About PharmAthene, Inc.

 

PharmAthene (AMEX:PIP) was formed to meet the critical needs of the United States and its allies by developing and commercializing medical countermeasures against biological and chemical weapons.  PharmAthene’s lead programs include Valortim™ for the prevention and treatment of anthrax infection and Protexia® for the prevention and treatment of morbidity and mortality associated with exposure to chemical nerve agents.
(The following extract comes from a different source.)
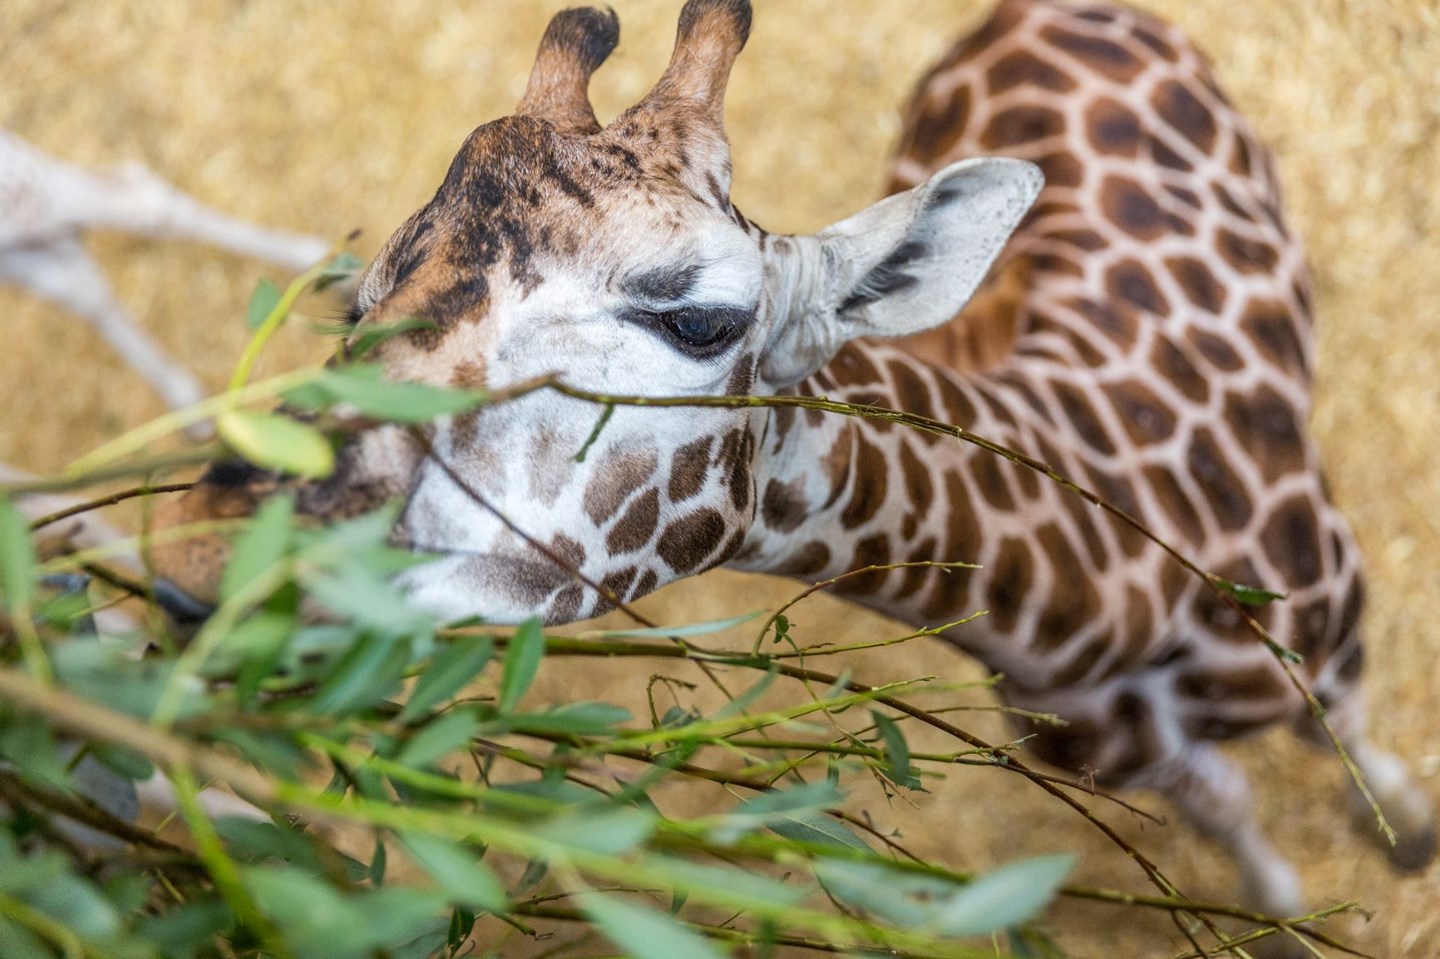 Giraffe reaches up to eat leaves

For more information about PharmAthene, please visit www.PharmAthene.com.

 

Forward Looking Statement

 

Except for the historical information presented herein, matters discussed may constitute forward-looking statements within the meaning of the Private Securities Litigation Reform Act of 1995 that are subject to certain risks and uncertainties that could cause actual results to differ materially from any future results, performance or achievements expressed or implied by such statements.  Statements that are not historical facts, including statements preceded by, followed by, or that include the words “potential”; “believe”; “anticipate”; “intend”; “plan”; “expect”; “estimate”; “could”; “may”; “should”; “could”; or similar statements are forward-looking statements.  PharmAthene disclaims, however, any intent or obligation to update these forward-looking statements.  Risks and uncertainties include the likelihood that the U.S. government will choose to procure any products from the Company, the successful development of any of PharmAthene’s potential products, the advancement of PharmAthene’s strategy, its ability to expand its business to meet US government requirements, or its ability to enhance the timelines or opportunity for success of its programs, the ability of the rPA based anthrax vaccine to meet any stated government requirements or be a viable choice for the Strategic National Stockpile as well as risks detailed from time to time in PharmAthene’s public disclosure filings with the U.S. Securities and Exchange Commission (the “SEC”).  There can be no assurance that PharmAthene’s development efforts will succeed or that developed products will receive required regulatory clearance, or that, even if such regulatory clearance were received, such products would ultimately achieve commercial success or be procured by the government.  Copies of PharmAthene’s public disclosure filings are available from its investor relations department.